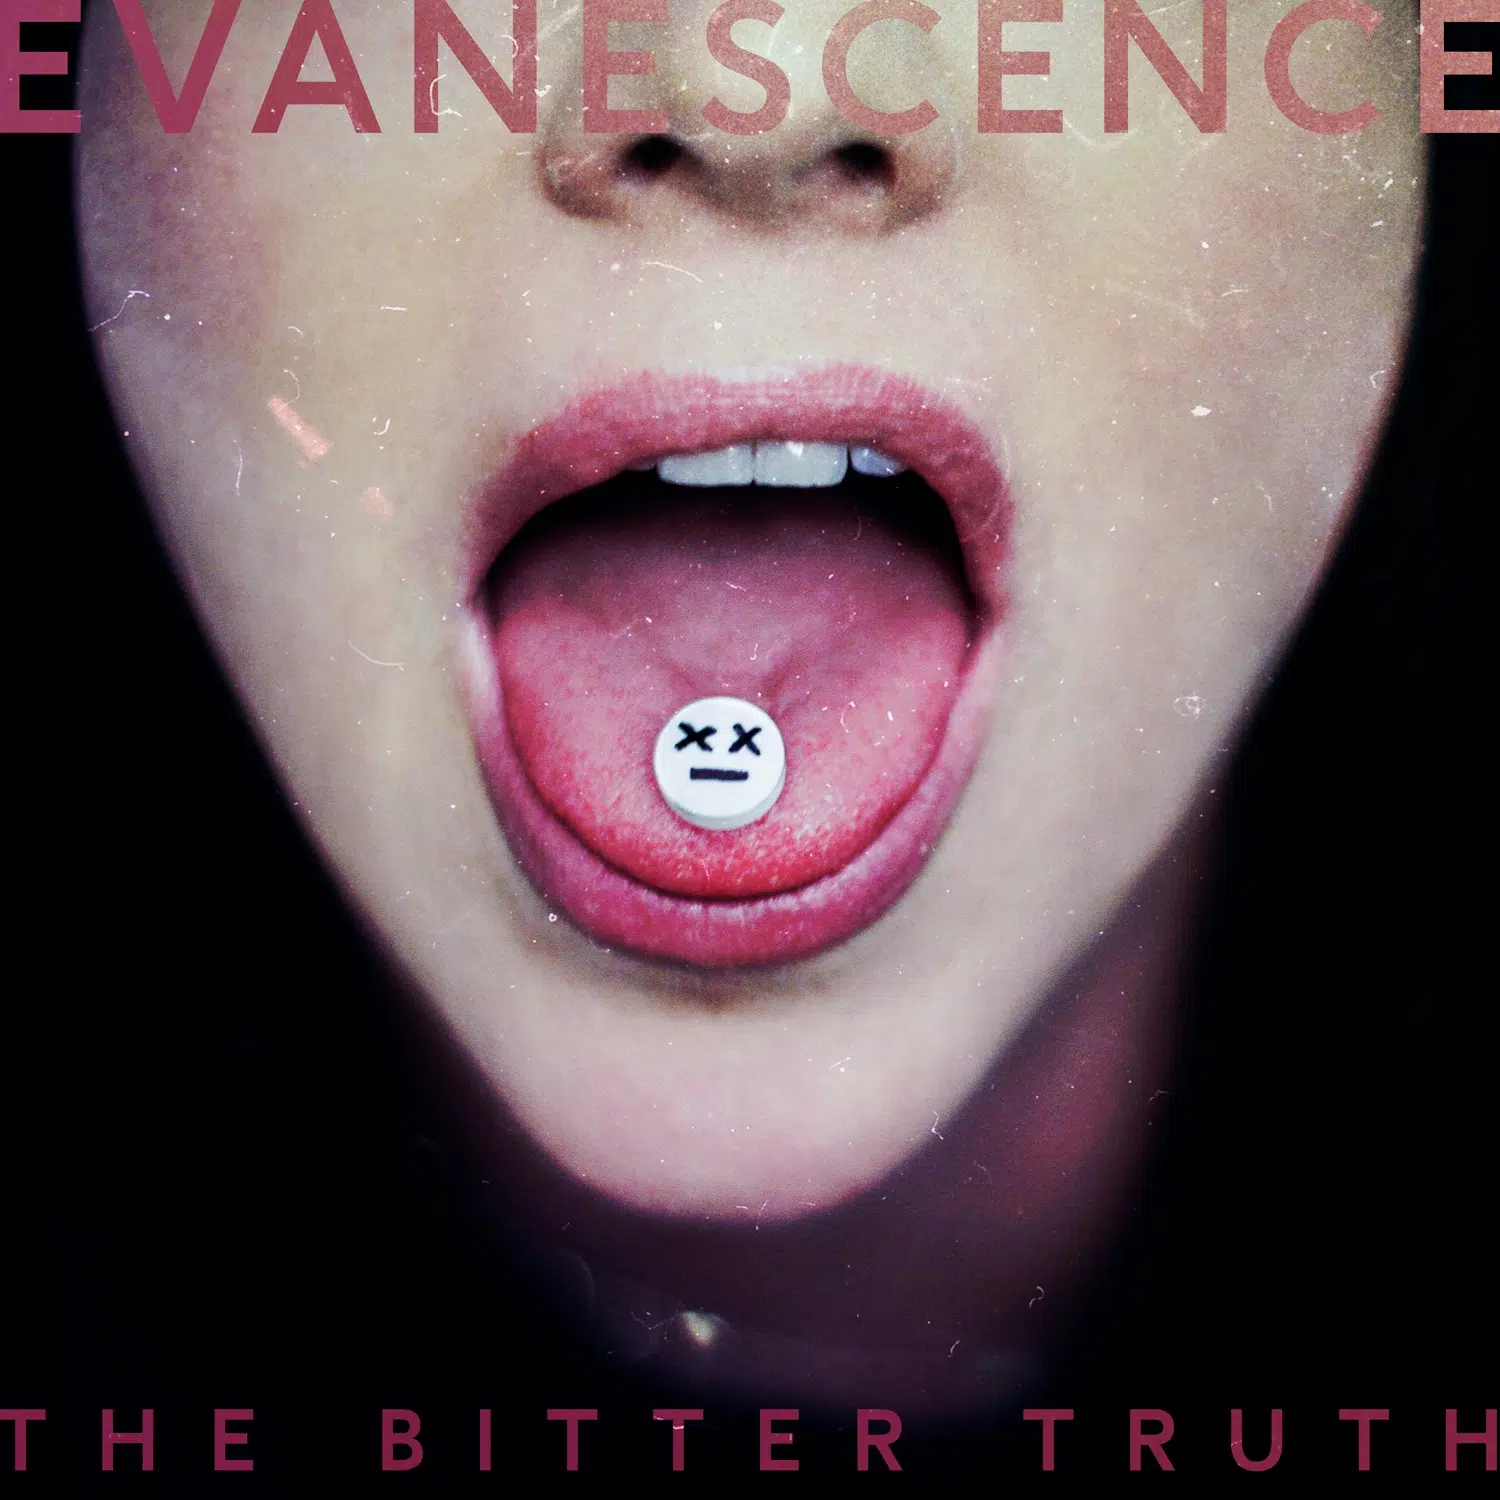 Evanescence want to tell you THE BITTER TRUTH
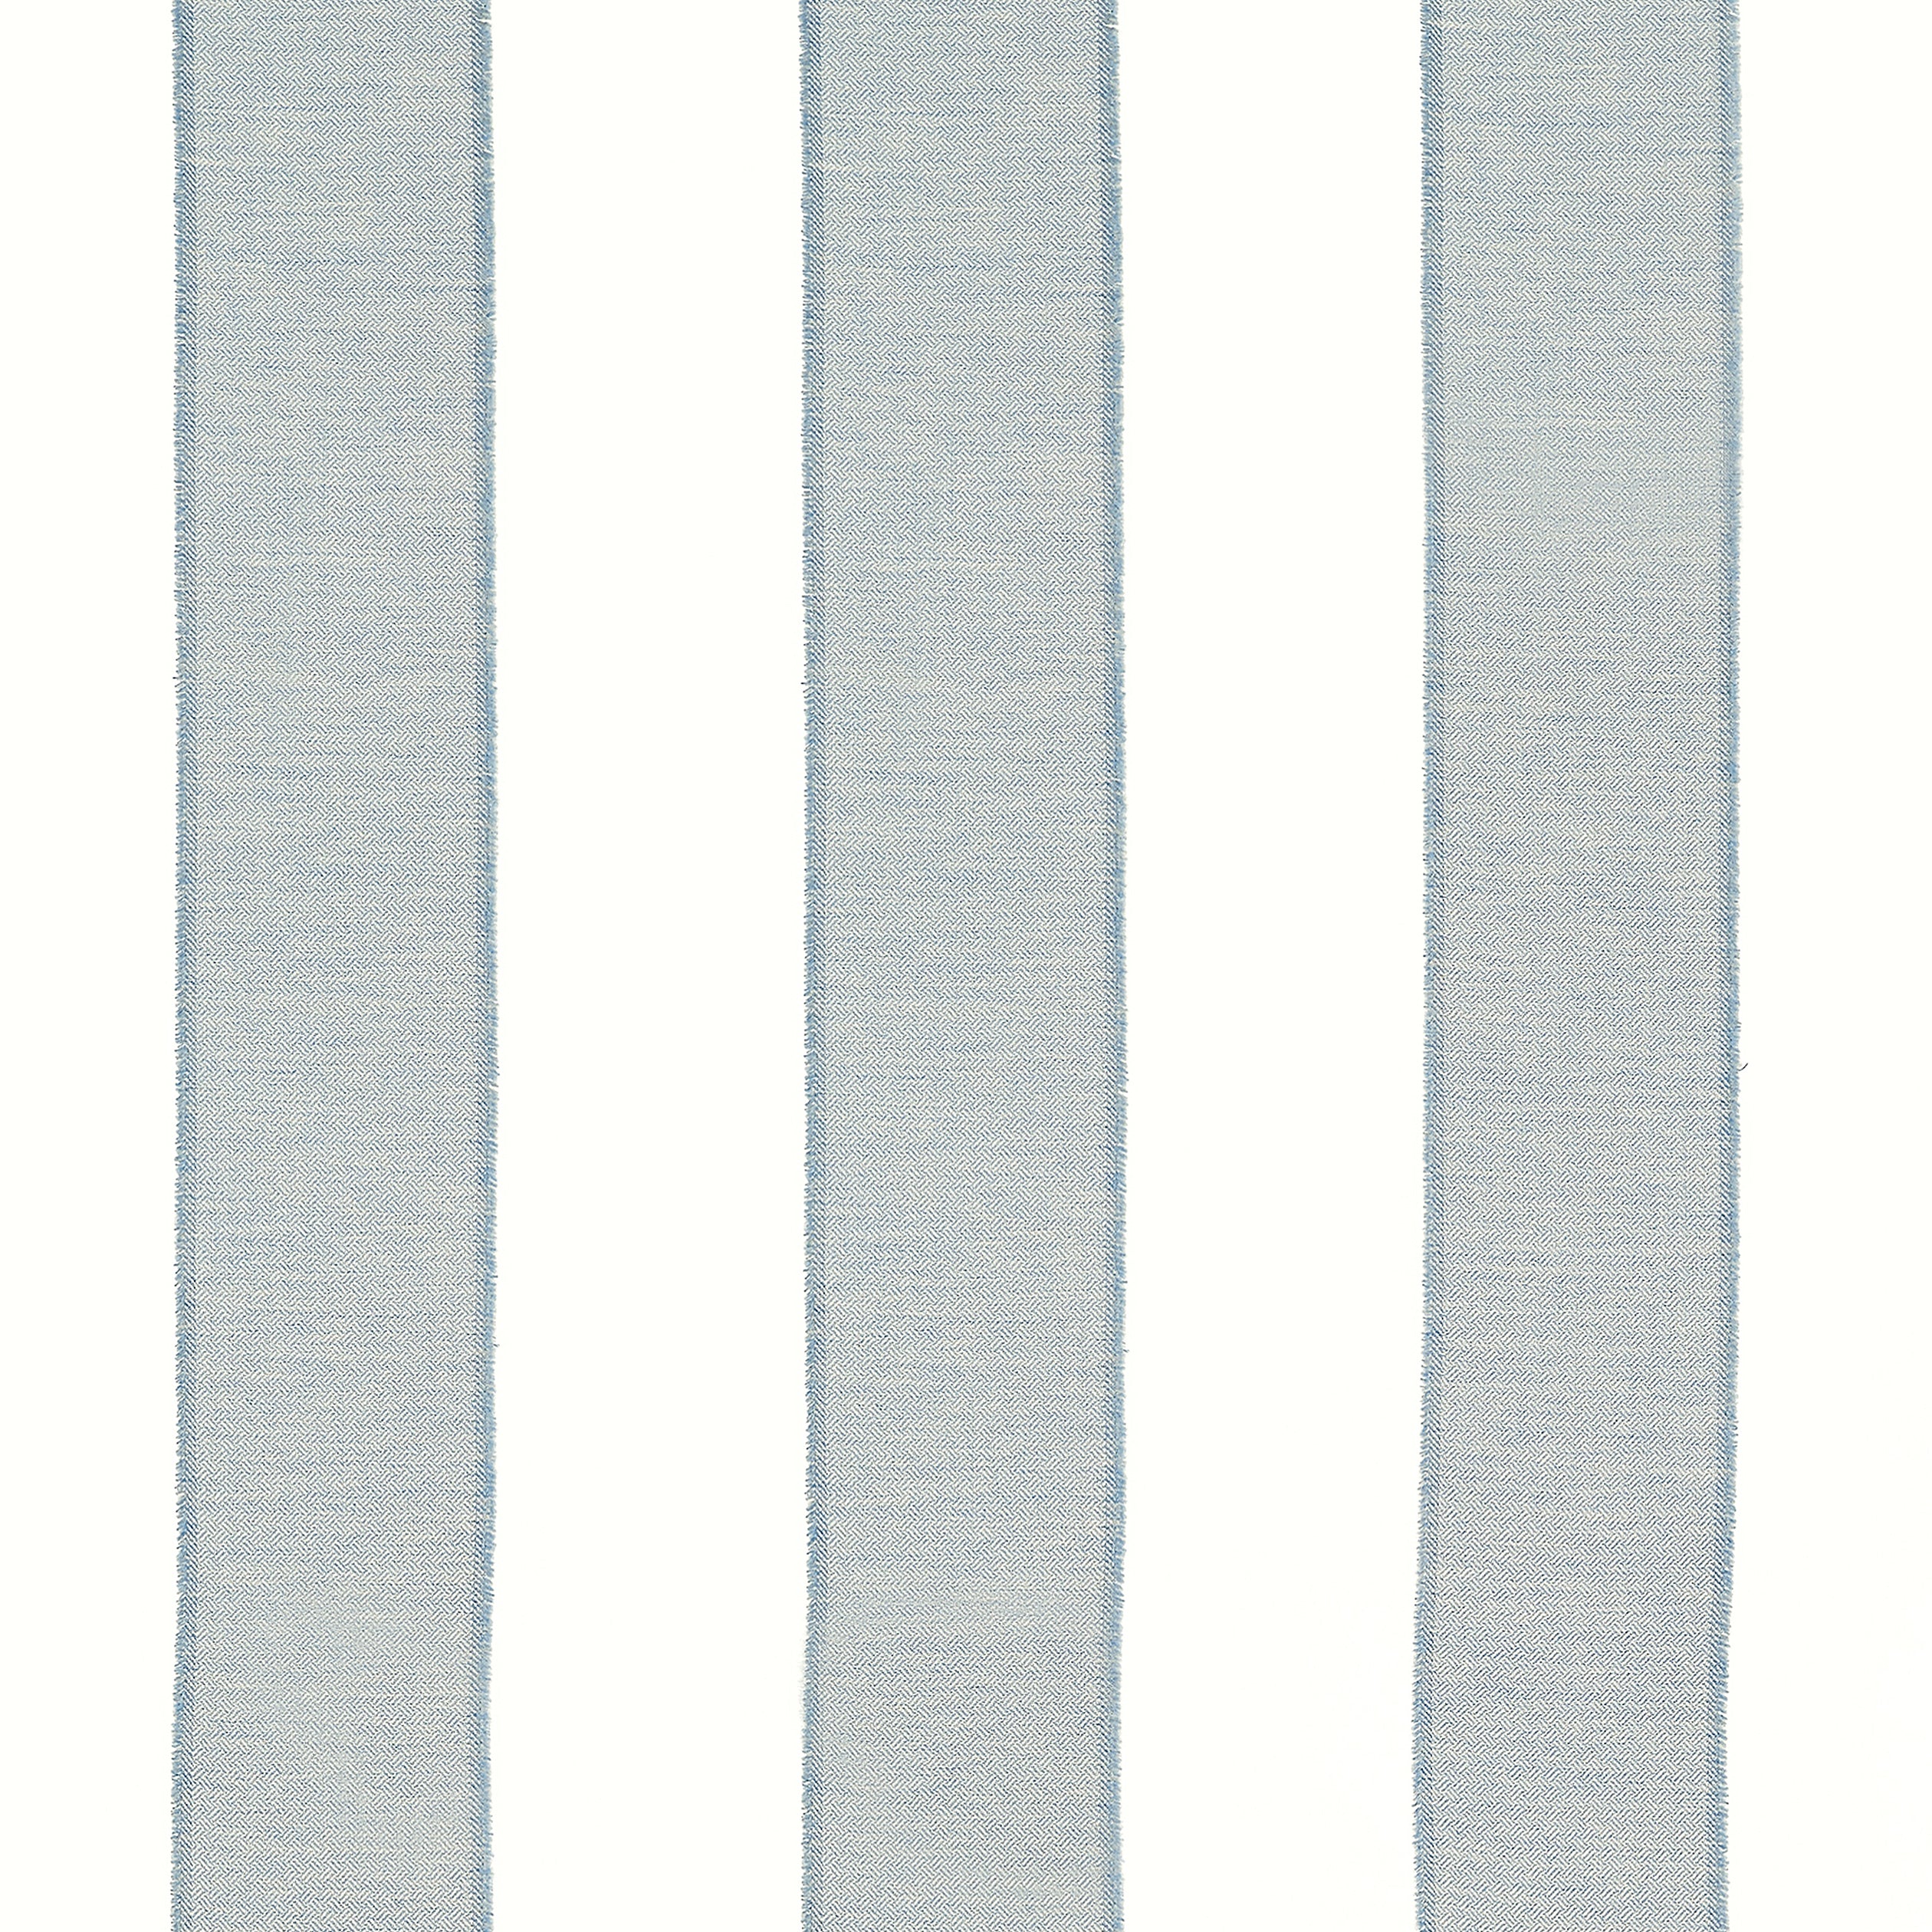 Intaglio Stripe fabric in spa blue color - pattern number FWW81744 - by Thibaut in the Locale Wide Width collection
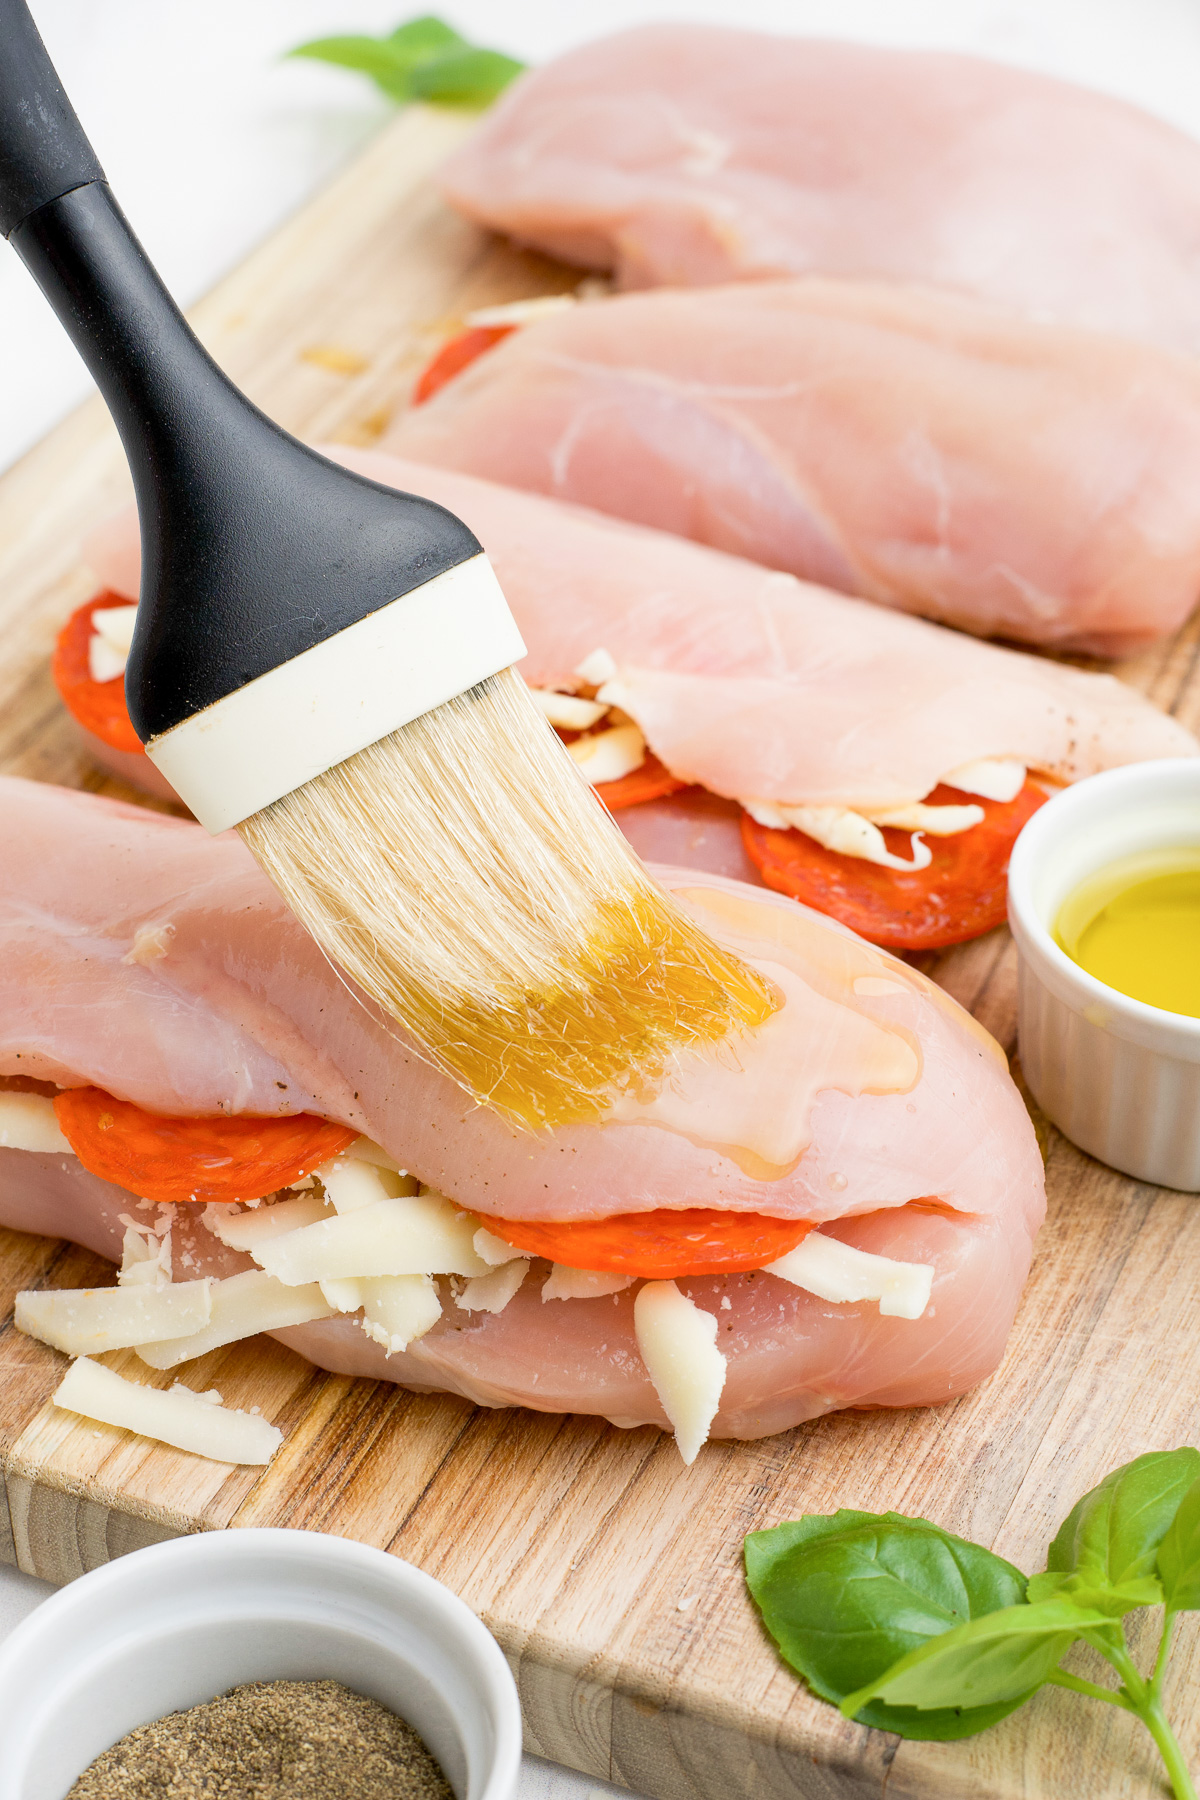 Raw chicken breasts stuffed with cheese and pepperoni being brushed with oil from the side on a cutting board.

▶ What to work on: Copy out every line above, word for word, minus images.

▶ Result of the task:
 Evanescence want to tell you THE BITTER TRUTH
 Intaglio Stripe fabric in spa blue color - pattern number FWW81744 - by Thibaut in the Locale Wide Width collection
 Raw chicken breasts stuffed with cheese and pepperoni being brushed with oil from the side on a cutting board.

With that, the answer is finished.